The move from 224 to 224B was a full powertrain and control change, not a cosmetic refresh: Caterpillar swapped the mechanical Deutz/Perkins engine for its own 3116 direct-injection turbo diesel, revised the wheelbase, and reworked the operator controls, which pushed operating weight up into the low-20-tonne class. The plain 224 predates electronic engine management and scan-tool diagnostics entirely - fuel injection timing, transmission, and axle controls are all mechanical, which keeps troubleshooting straightforward but removes any fault-code shortcut when something goes wrong. Few 224s remain in active service today, and documentation on the base model is thin compared with later Cat excavators. That scarcity is exactly why the used and parts market still pays attention to it: shops running one lean on cross-reference knowledge of Deutz or Perkins wear parts, generic axle and swing-drive components, and salvage sourcing rather than a live factory parts catalog, and a 224 with a documented service history commands a real premium over one with unknown background.
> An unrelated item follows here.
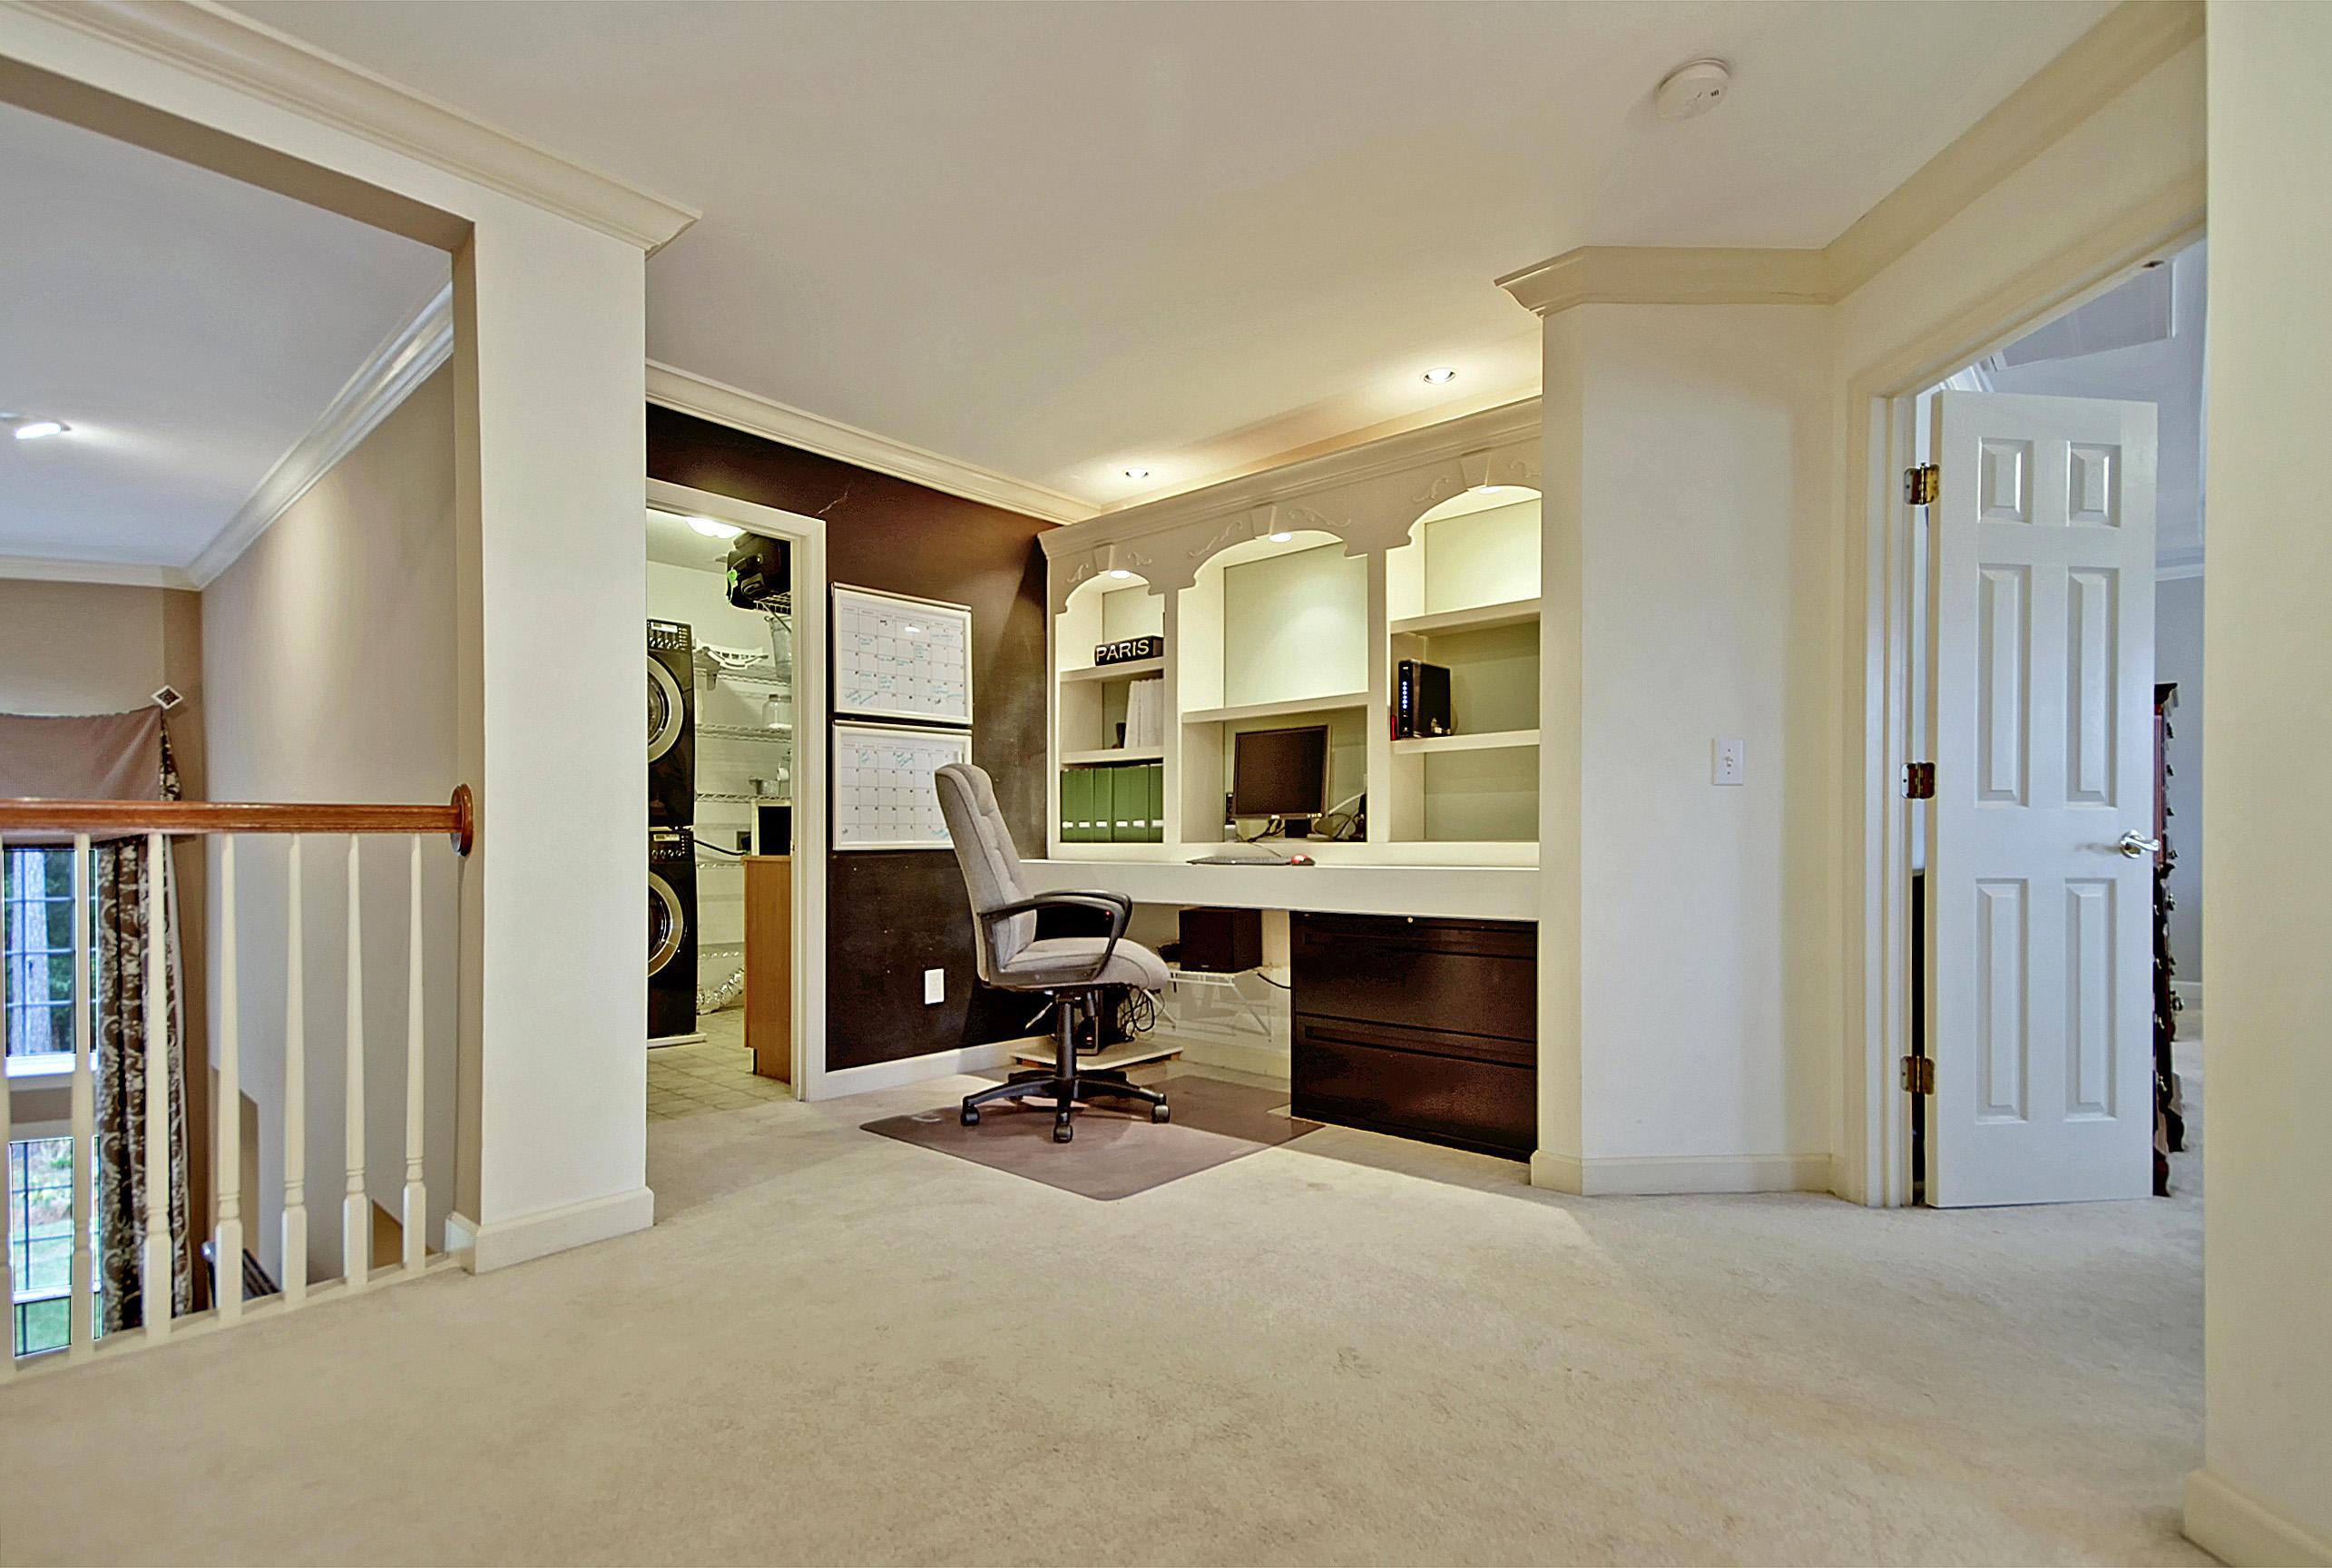 Dunes West Homes For Sale - 2449 Darts Cove, Mount Pleasant, SC - 44

Below: full specifications, fluids & capacities, the factory service schedule, common service parts, verified fault codes, what owners discuss, attachment guidance, the complete assembly directory, and a serial-number reference. Complete parts lists with full OEM part numbers, exploded diagrams, quantities, and fitment data are available free in Heavy Parts AI.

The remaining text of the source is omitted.